創作再開しました。不定期更新です

桜坂

最初に交わした言葉はなんだっけ。
君がおかしそうに、たくさん笑っていたことは覚えている。
僕はいつも道化役で、必死になって面白い人、おかしい人になりきった。
どちらかというと、輪の中心にいた気がする。

君は友だちと眺めながら、顔を見合わせ、笑ってくれた。
君が笑うと頬がうっすら染まり、いっそう魅力的に見えた。

振り返れば二人で話したことなんてほとんどない。
遊んだときに付いてくる人。
お互いがそう思っていたはずだ。
頻繁に集まるグループで、君をよく思った奴から聞かれたもんだ。

「ねぇ、あの子って彼氏いる?」

聞いてくる奴ら全員が、ほとんど一緒にいる僕のことは彼氏と思わなくて、そう思うのに無理はないほど僕らに接点はなかった。

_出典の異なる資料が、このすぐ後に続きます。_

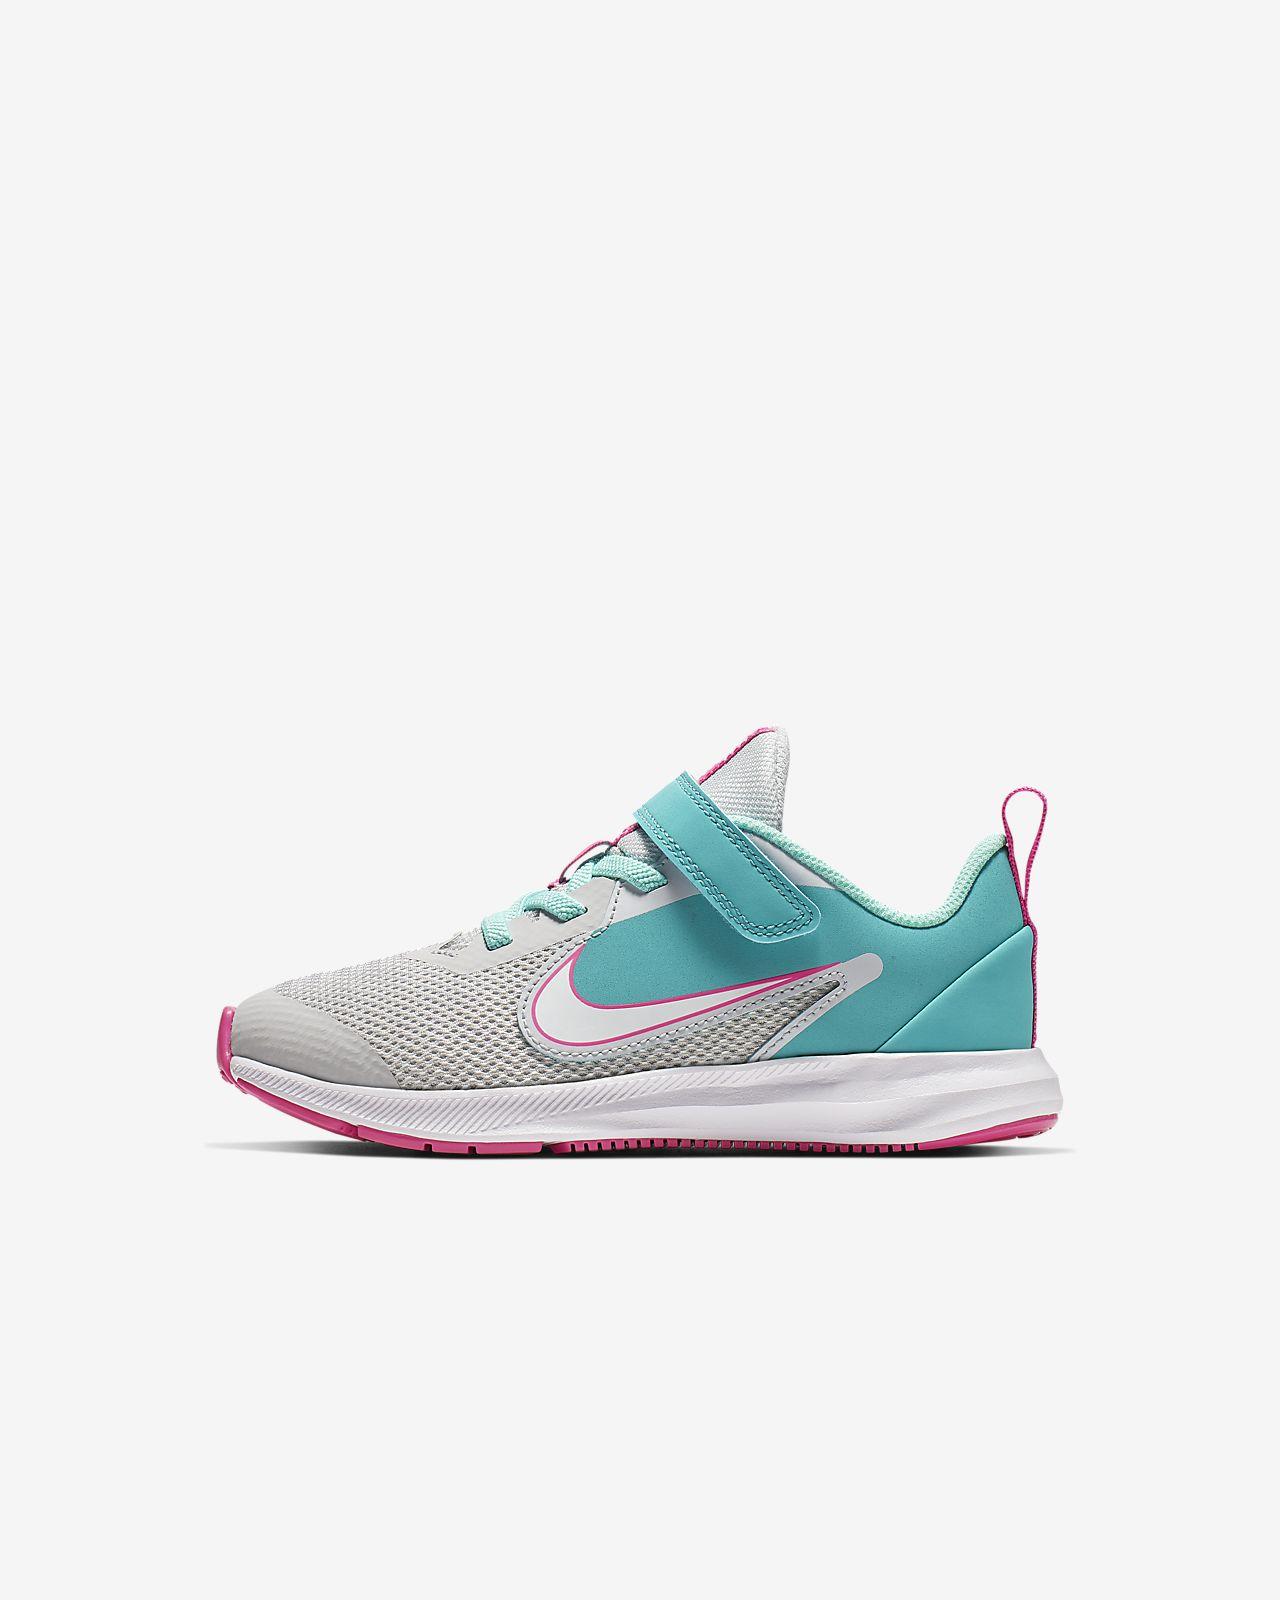 Nike Downshifter 9 Aqua Little Kids' Shoe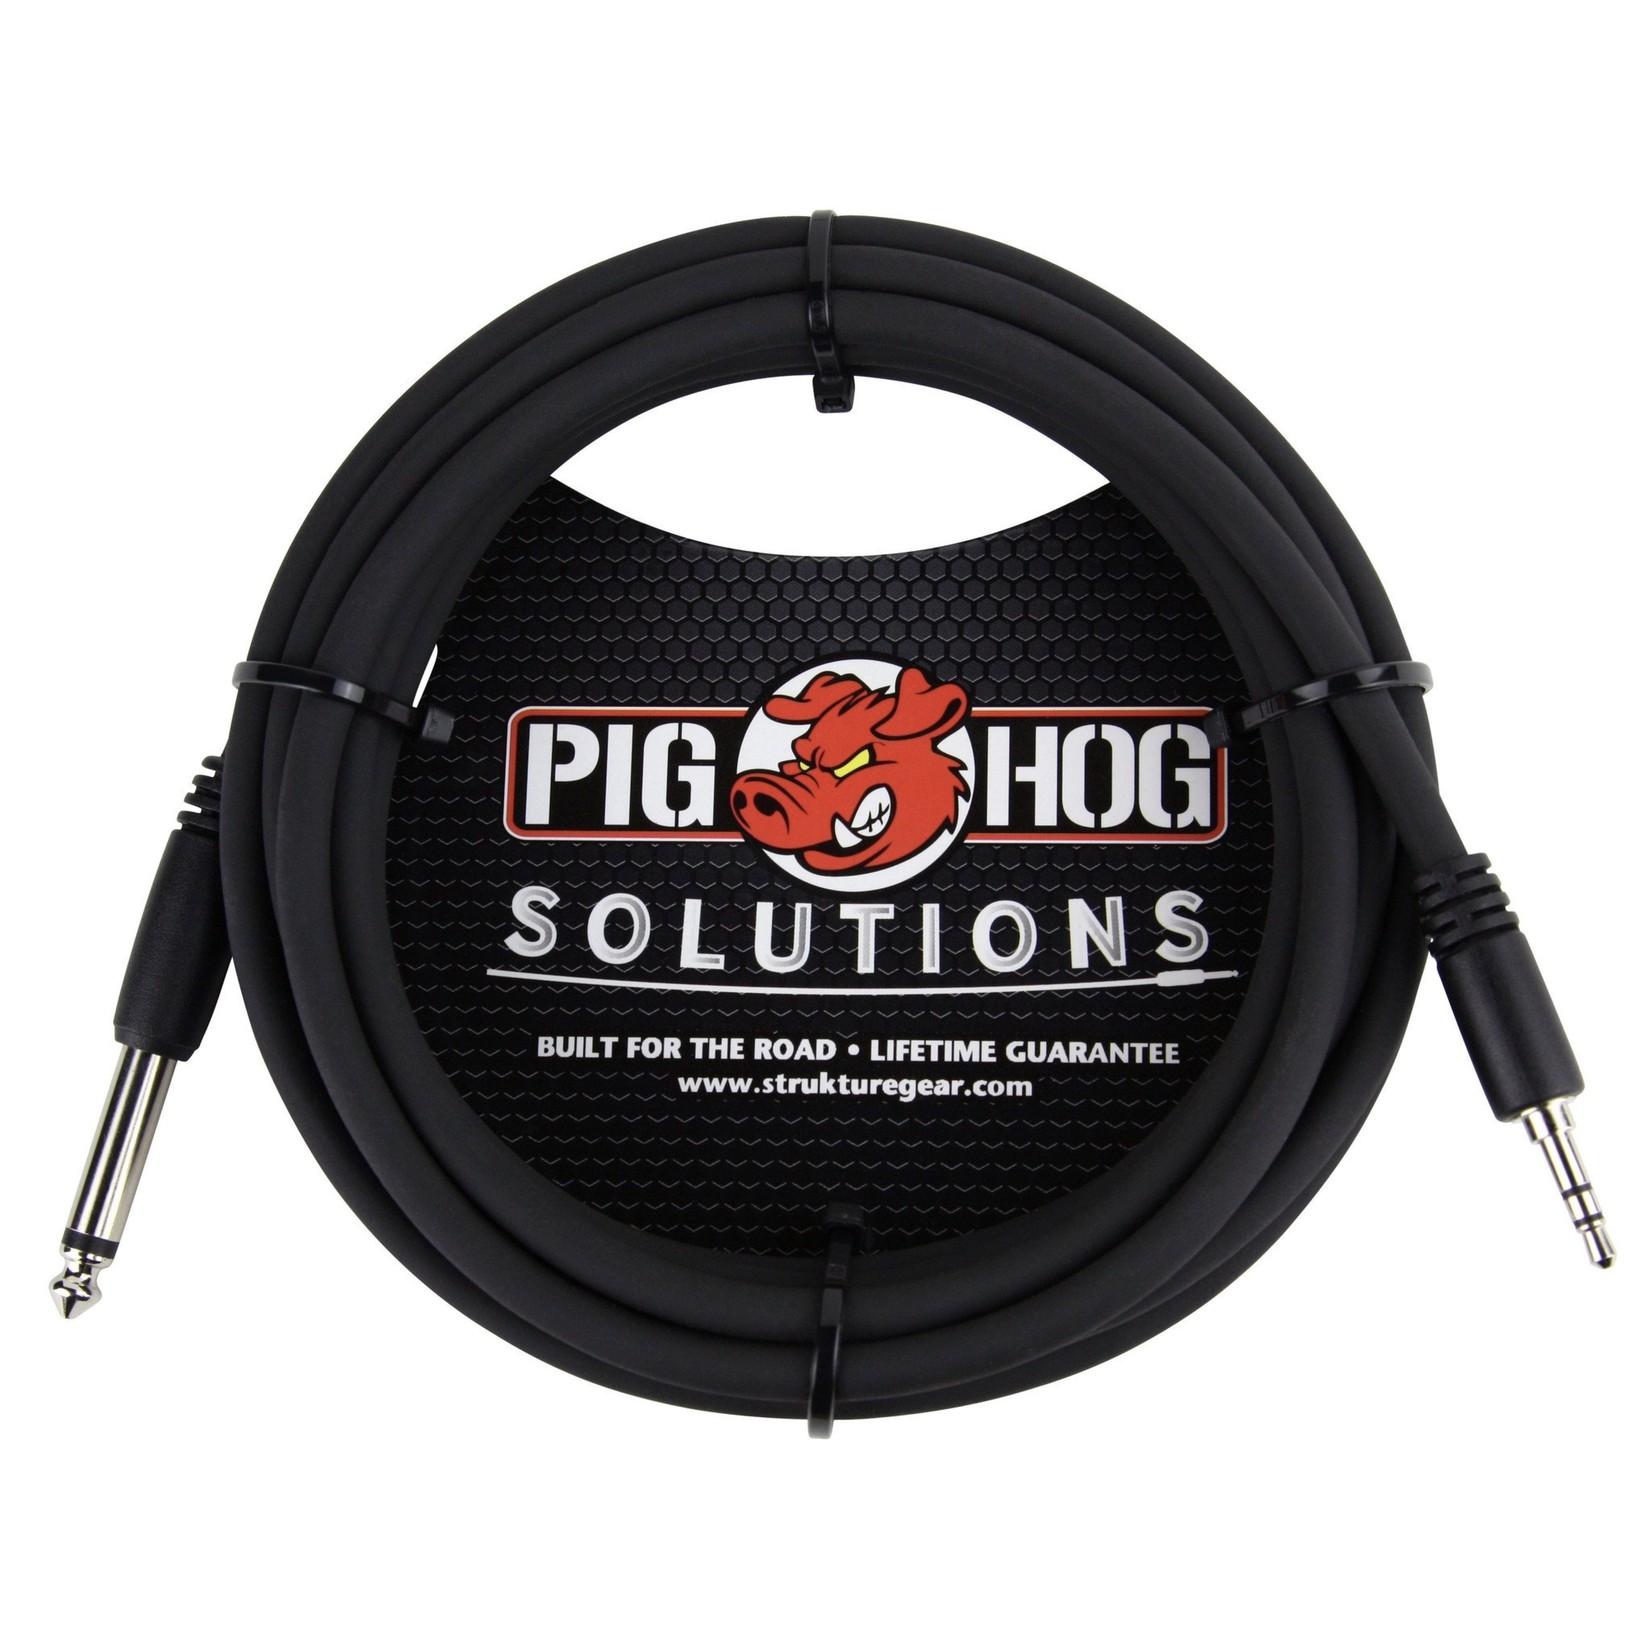 "Pig Hog Pig Hog Solutions 10-Foot 3.5mm TRS to 1/4"" Mono, PX-35T4M"

ろくに話したこともないくせに、僕は気づけば君を目で追っていた。
君が髪を切ったときも真っ先に気づいたし、口紅をピンク色に変えたときは赤よりも似合っていると言いたかった。
誕生日も忘れたフリをしたが、忘れたことがない。
君が何気なく言っただろう、過去の話も、今も覚えている。

「家では暗いんでしょ」

どの程度本気で言ったんだろう。

「おっ。わかっちゃう系か。マジそーなんよー。チョーネクラっつーか、どよよーん的なねっ」

いつもの調子で流せただろうか。
見ぬかれたことより嬉しさが勝って、前よりずっと君を知りたくなった。
朝起きて横に君の顔があればと、未来を想像した日もある。

手を繋いだらどんな感触だろう。
髪を撫でたらどんな顔をするのかな。
二人向かい合って座ったら、どんな話をしよう。
君に似合う、服も見に行こう。

精一杯の勇気を振り絞って、冗談ぽく言った言葉は本気だった。
君は本気で言ってくれたのか、冗談として言ったのか。
真意を確かめる度胸が僕にはなかった。
その日から僕の歩む道はずっと下降し続けている。
やがて馴染みのいない見知らぬ街で働くことになり、君はまだあの街にいる。

知らぬ間に僕の横にいた奴と付き合い、式を挙げたらしい。
式には、行かなかった。
どんな理由にしたか忘れるくらい、情けないことを言って。

君は今も心を惹きつけてやまない。
思い出すたび、降り続けている坂道に、儚い記憶の花が咲く。
薄紅色に包まれた、見渡す限りの絶景。

桜坂。

僕は咄嗟に嘘をついた

リクネタ。
乃木坂46「僕は咄嗟に嘘をついた」の歌詞から創作。


「好きだ!ぼ、僕と付き合ってください」

当時流行っていた少年漫画の真似をして、それは、校庭の鉄棒で行われた。
告白の相手が知っていたかどうかわからない。
僕はとにかく、告白がしたかった。
そして彼女が欲しかった。
それだけだったから、細かく覚えてない。

交換日記をしたり、おそろいのものを持ったり、帰りに一緒に歩いたり、休みの日、近くの公園に行ったり、ファストフード店で長話したり、デートらしいデートを、僕たちはした。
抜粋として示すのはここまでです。